Bu Hannah’nın en nefret ettiği şeylerden biriydi.

Güneş Tanrısı Kilisesi ve Papa tarafından kullanıldığı için gençliğinde sahte bir hayat yaşamak zorunda kalmıştı.
Daha sonra Arm tarafından kandırılmış ve sırtından bıçaklanmıştı.

“Kötü biri olabilirim ama…”

Hannah’nın kolları hiç güç kaybetmeden aşağı düştü. Kılıcı yerde sürünüyordu.

Kardeşi ve Cale’in grubu iyi insanlardı.
Ancak, o kötü bir insandı.
Hayır, o kötünün de ötesindeydi, korkunç bir insandı.

O en beteriydi.

“Hayır. Ben sadece kötü değilim, son derece kötüyüm.”

Kılıç hızla yerde hareket etti.
Hannah’nın kılıcı bir kez daha savruldu.

“İşte bu yüzden, sadece senin gibi p*çler öldüğünde iyi hissediyorum!”

Aurası ölü mana ile çarpıştı ve başka bir patlamaya neden oldu.

Baaaaaam-

Patlamanın tozu bölgeyi kaplarken Bernard’ın sesini duydu.

“Bazen, azınlık olan taraf, daha güçlü bireylere sahipse, savaşı kazanabilir.”

Mary’nin içinde kötü bir his vardı ve siyah aurayı parmaklarında dolaştırdı.

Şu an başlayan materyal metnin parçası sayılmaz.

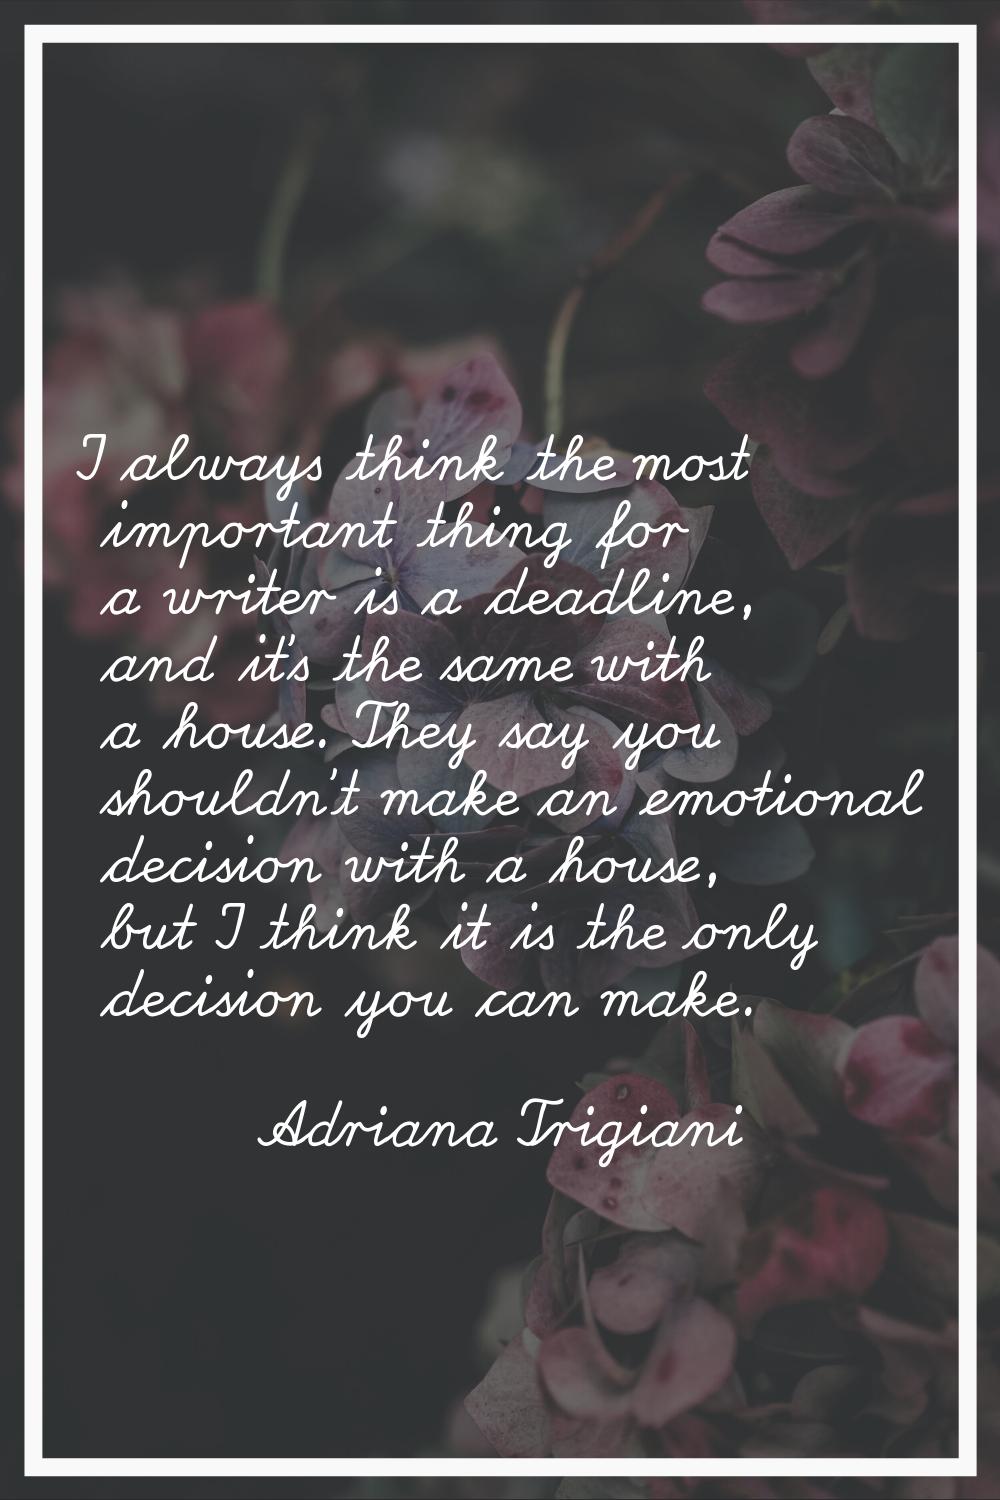 I always think the most important thing for a writer is a deadline, and it's the same with a house.

Hannah, Mary’ye yaklaştı ve ayaklarına biraz güç verdi.

O anda oldu.

Pat! Bam! Bam!

Bazı sesler duydular.
Bazı şeylerin birbirine çarpma ve kırılma sesiydi.

“Lanet olsun!”

Cale başını çevirdi ve kaşlarını çatmaya başladı.

Simyacıların Çan Kulesinin açık ana girişine doğru baktı.

Orada duran şok olmuş bir Tasha, Kara Elfler ve Choi Han’ı görebiliyordu.

Başka insanlar da vardı.

Bağlı olan Yasak Büyücüler, Yasak Büyücü olmayan Simyacılar ve hatta Simyacıların Çan Kulesindeki tuhaf görevlerden sorumlu insanlar vardı.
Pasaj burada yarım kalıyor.